Immigration from Mexico to the United States declines to lowest level in a decade
AFP
The number of Mexican immigrants who came to the United States has fallen sharply, hitting a 10-year low in the 12 months ending in March, a Pew Hispanic Center report showed Wednesday.
Between March 2008 to March 2009, the "estimated annual inflow of immigrants from Mexico was lower than at any point during the decade," bottoming out at about 175,000 immigrants, the report said, citing data from the US Census Bureau's Current Population Survey.
In the previous two years, the number of immigrants crossing from Mexico to the United States was around twice that figure, the report said.

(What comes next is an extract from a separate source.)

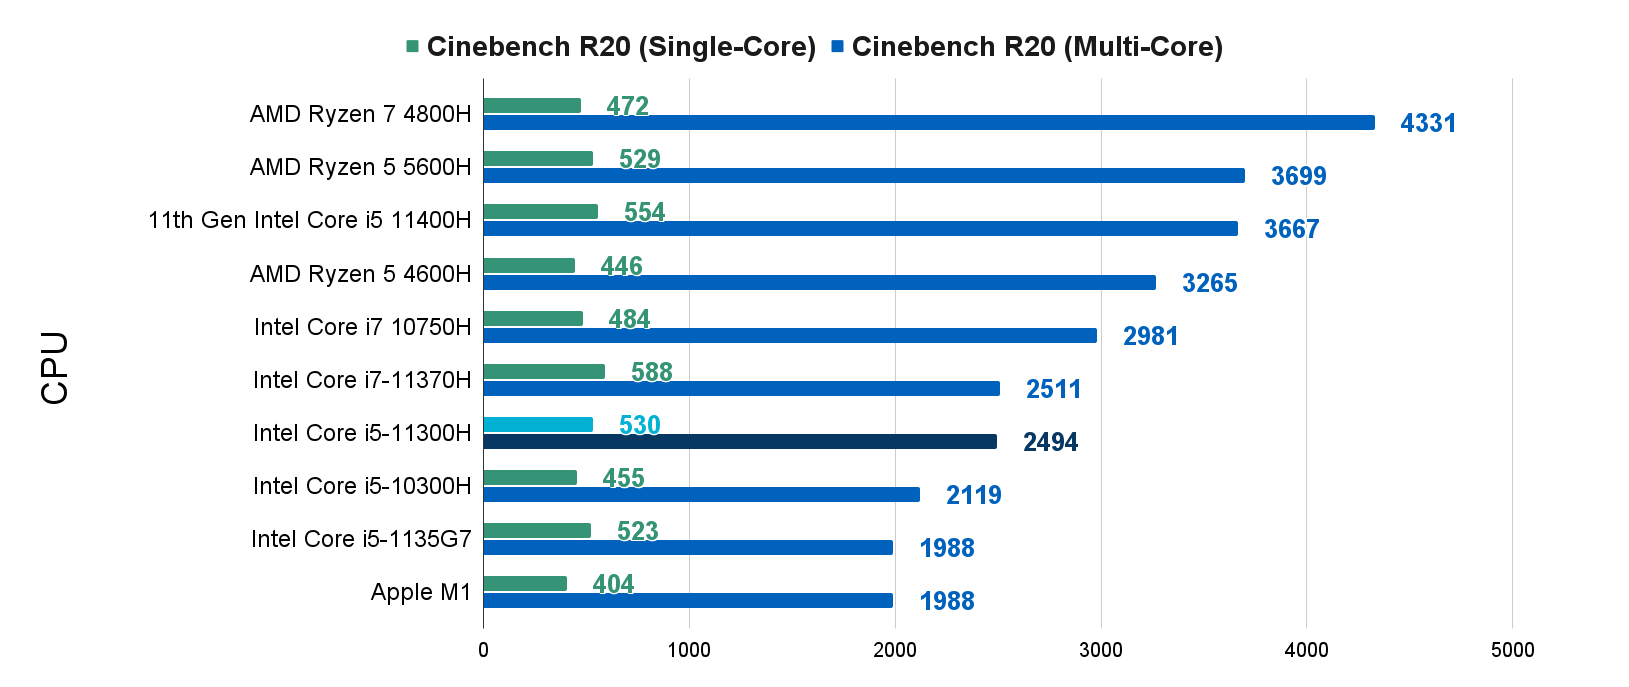 11th Gen Intel Core i5 11300H Cinebench R20 Benchmark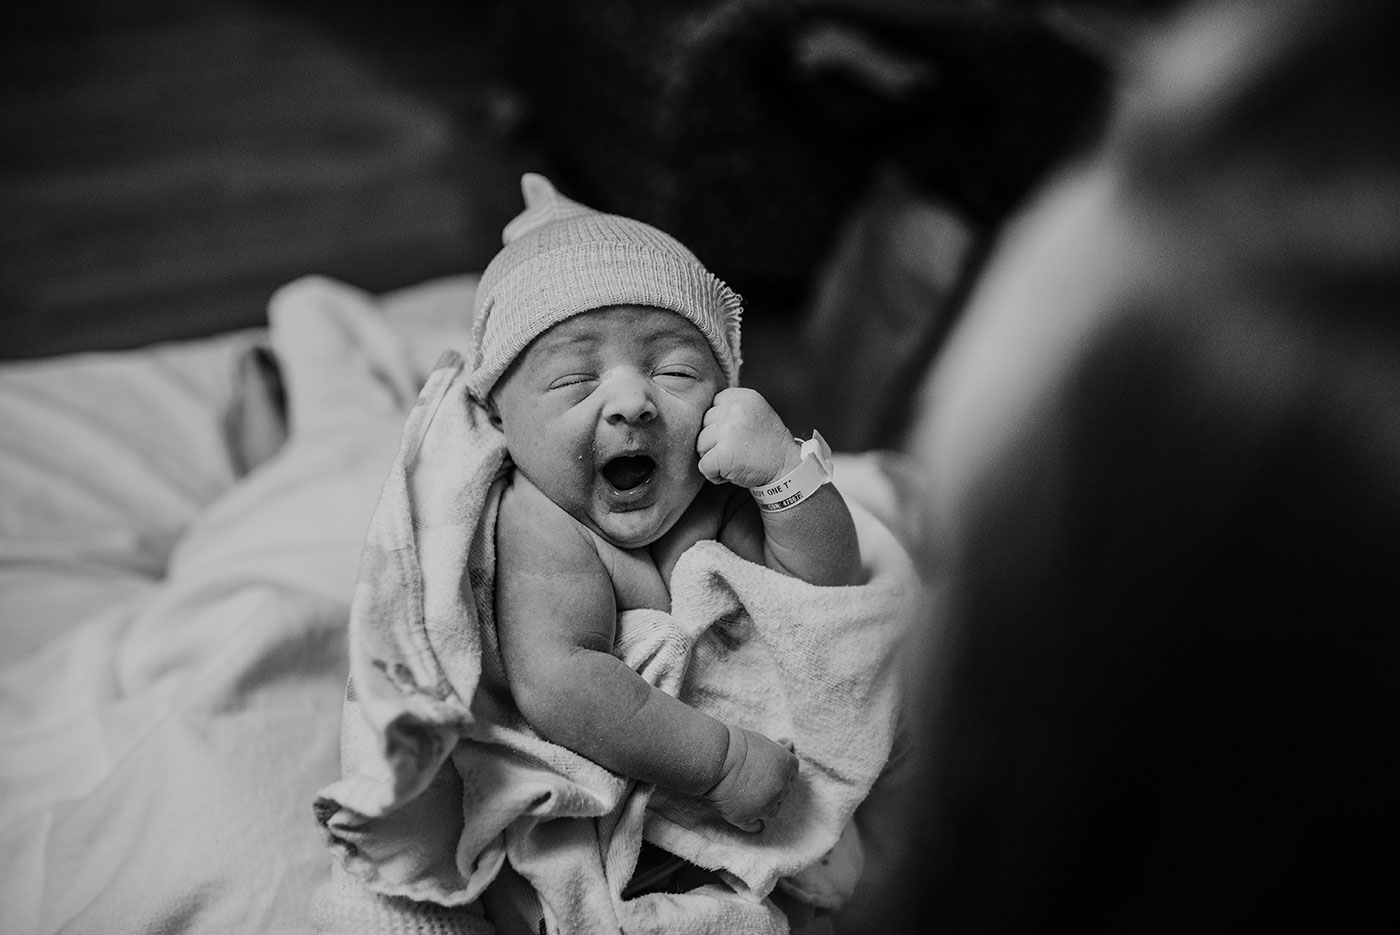 newborn baby boy yawns while mom looks down at him after birth

The report notes that statistics from Mexico's National Survey of Employment and Occupation (ENOE) showed that the immigrant flow from Mexico to the United States has fallen by around 20 percent a year since 2006, from more than a million people in the 12 months starting February 2006 to 814,000 for the same period in 2007-2008 and to 636,000 in 2008-2009.
The Mexican figures were markedly higher than the US census figures because the Mexican data covers a broad spread of migrants while the US figures track only people whose principal residence is in the United States.
A third of all foreign-born US residents and two-thirds of Hispanic immigrants to the United States come from Mexico, the report said.
Nearly everyone who leaves Mexico heads for the United States, which is currently home to one in 10 people who were born in Mexico.